We were both standing at this point, and though it has been years since we had truly had a screaming match it appeared that neither of us had lost the ability to throw verbal punches.

"FIRST of all, I didn't 'just disappear' as you put it. You pushed me away, you broke me! And then you made it pretty obvious that you weren't coming for me. What was I supposed to do, Lindsey? Just sit back and be miserable forever?"

"But I did come for you, I searched for you for two years!"

"And then you found me, and pulled me from the emotionally stable life I had created, and guess what, even pregnant and scared, I'm still not a priority!"

He shifted his weight, indicating that through he was agitated and likely not thinking clearly, he was attempting to keep his anger somewhat in check.

"Why are you scared, Stevie?" He asked, remaining shockingly calm.

"Because! Because I'm about to bring two tiny humans into this world and I don't want to have to do it alone and broken hearted!" Tears were rushing down my face as I screamed.

"That's what you really think of me," he asked, monotone, a slight quiver to his voice. "That I would leave you and the boys? That I don't want to be here? Because if that's really how you think it's going to go that's some seriously messed up shit, Steph."

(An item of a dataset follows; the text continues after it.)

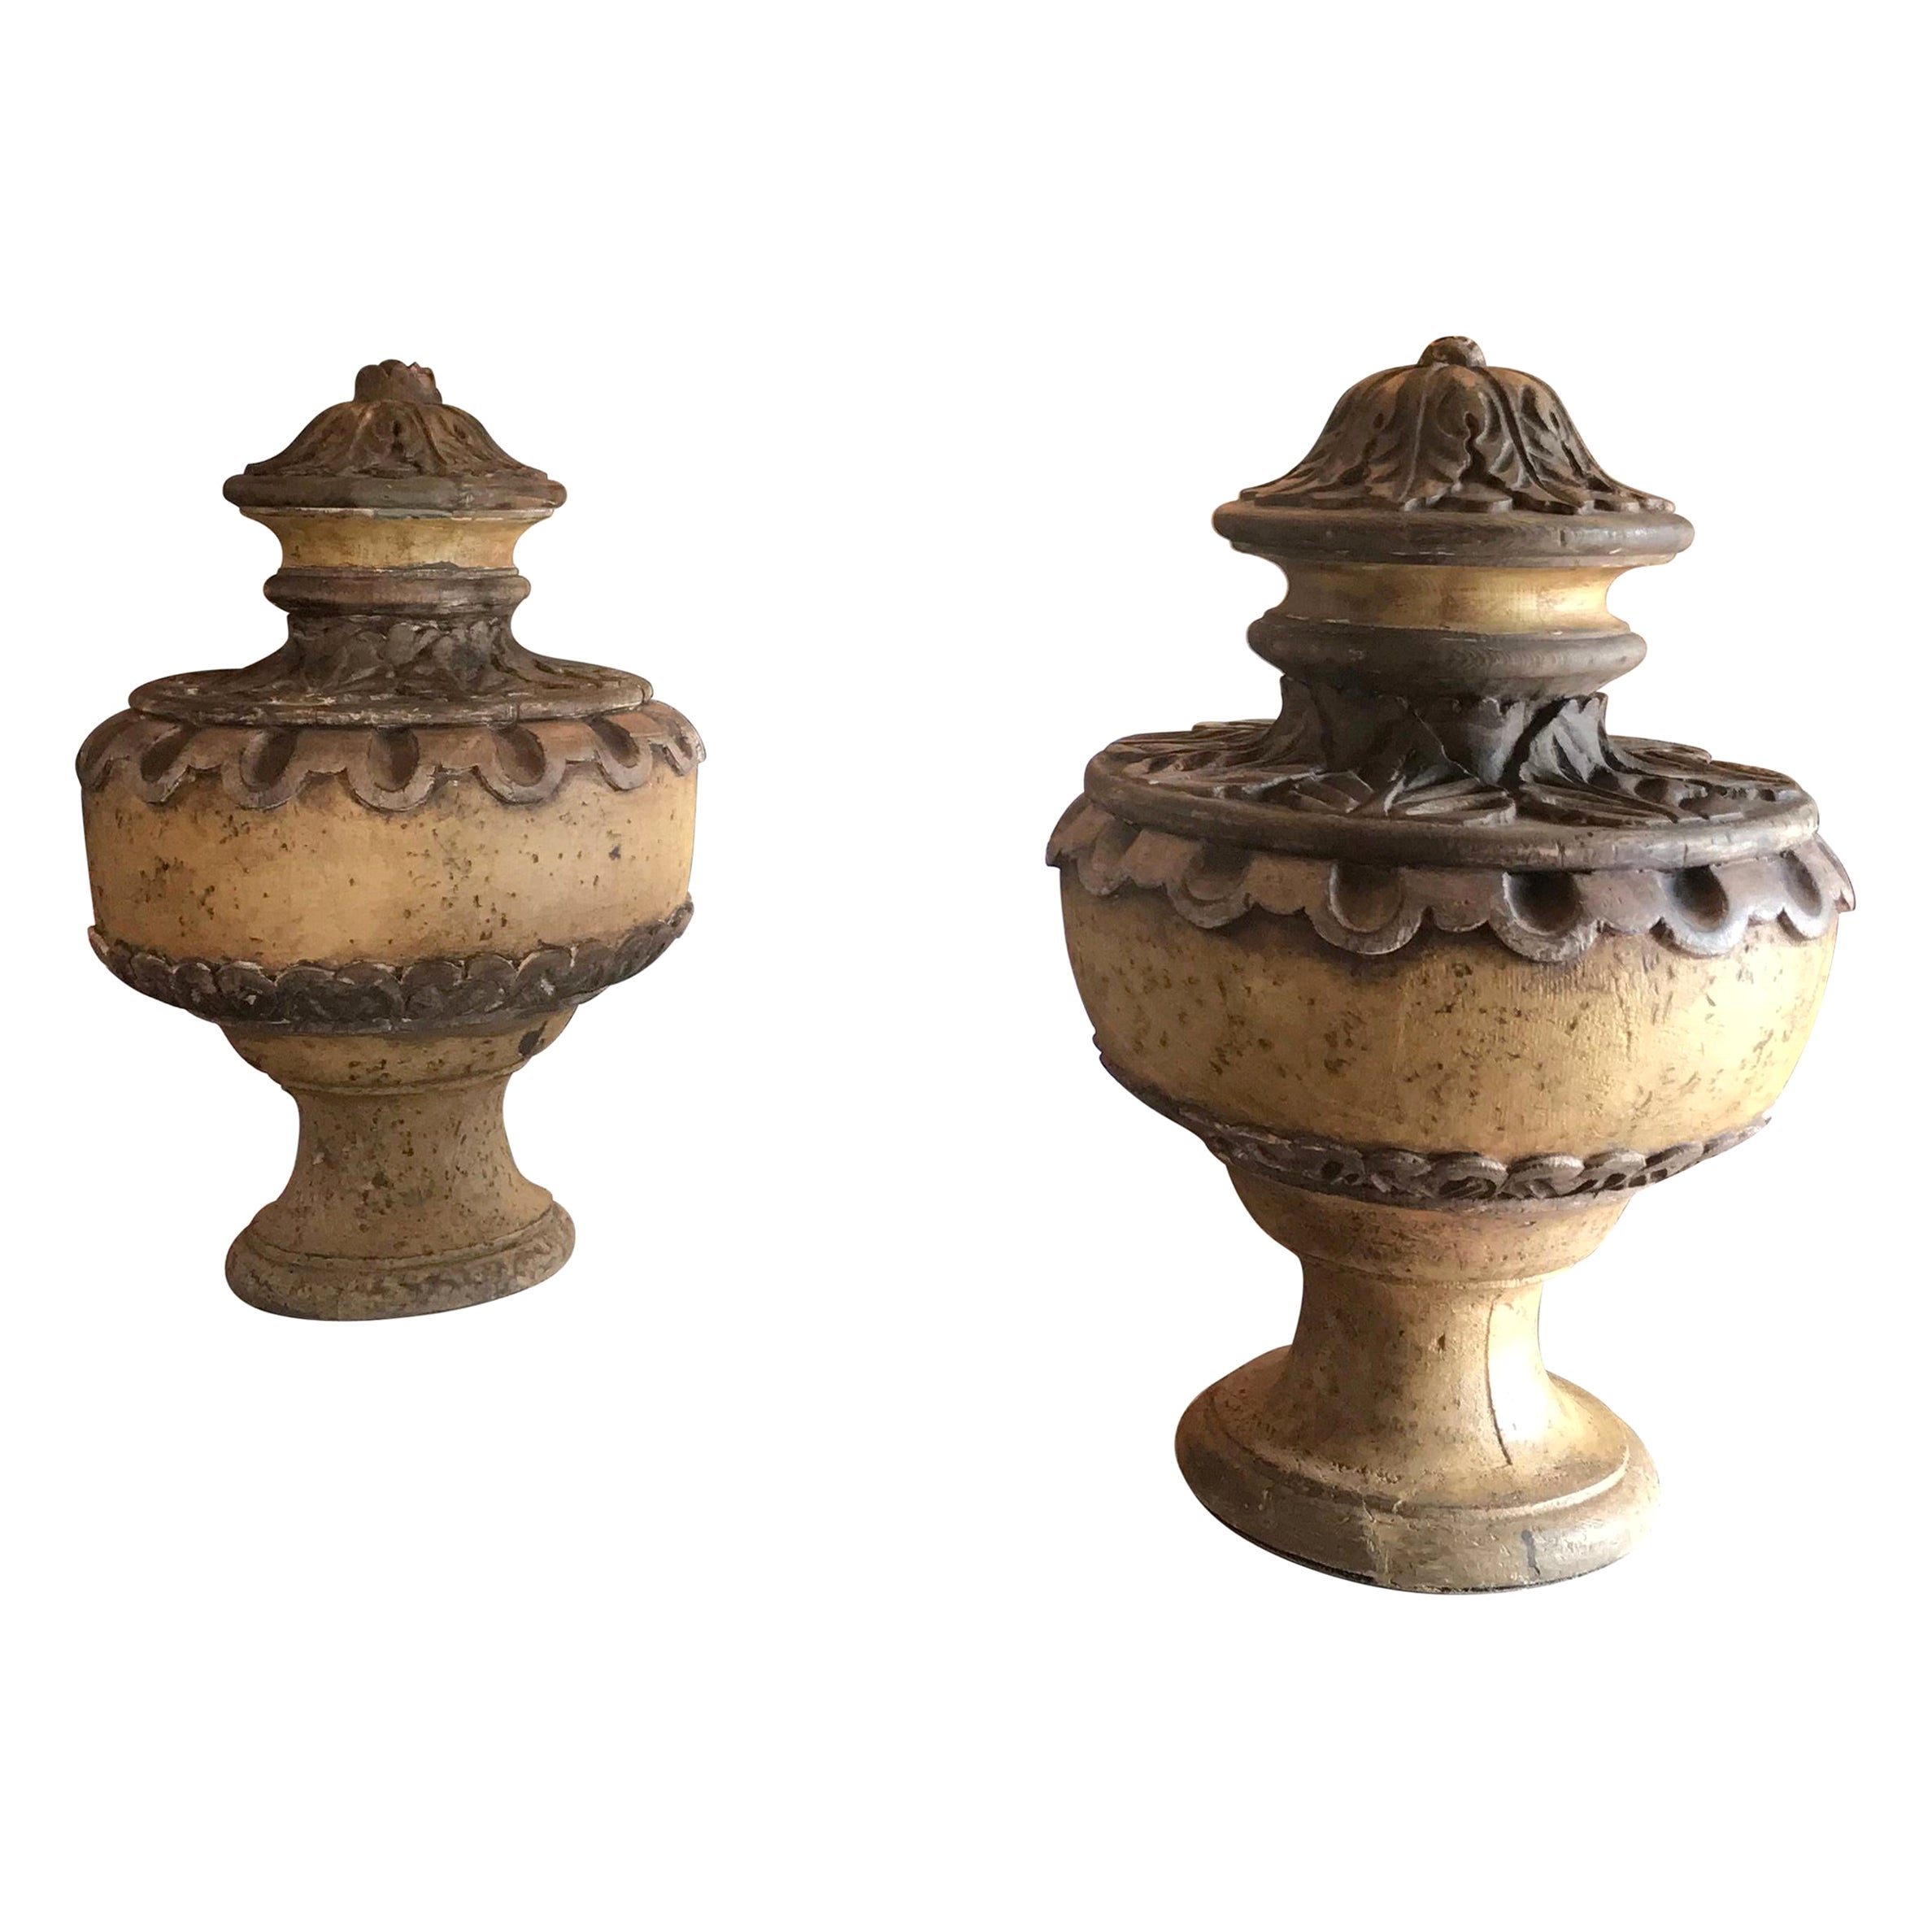 Paar handgeschnitzte Vasen in Form eines Tafelaufsatzes aus Holz, Vasenform, Urnen, Antiques Los Angeles im Angebot

I attempted to calm myself down for the sake of the babies, taking deep breaths, and promising myself not to yell. "How could I not think that? I don't know what your life is like in LA anymore, I can only imagine what kept you for so long in California, what you haven't told me and what I probably don't want to know-"

"Stop right there," he cut me off. "You're about to cross into dangerous territory. I'd think about what you're about to accuse me of before the words came out if I were you."

My tears continued to fall. "Listen to me, Lindsey. The ball is in your court. You can stay or you can go, but there is no in between anymore. Either you're in or you're out but it's not fair to me, or to them," I placed both of my hands on my bump, "for you to do this halfway. Take some time to think about it, because I mean it. Make your decision." And with that I turned and retreated to the bedroom, slamming the door closed.

I lay down, still upset, but knowing that he would give me the space I thought I wanted. I didn't blame him if he needed space right now, but I wanted a real answer, not just what he thought I needed to hear.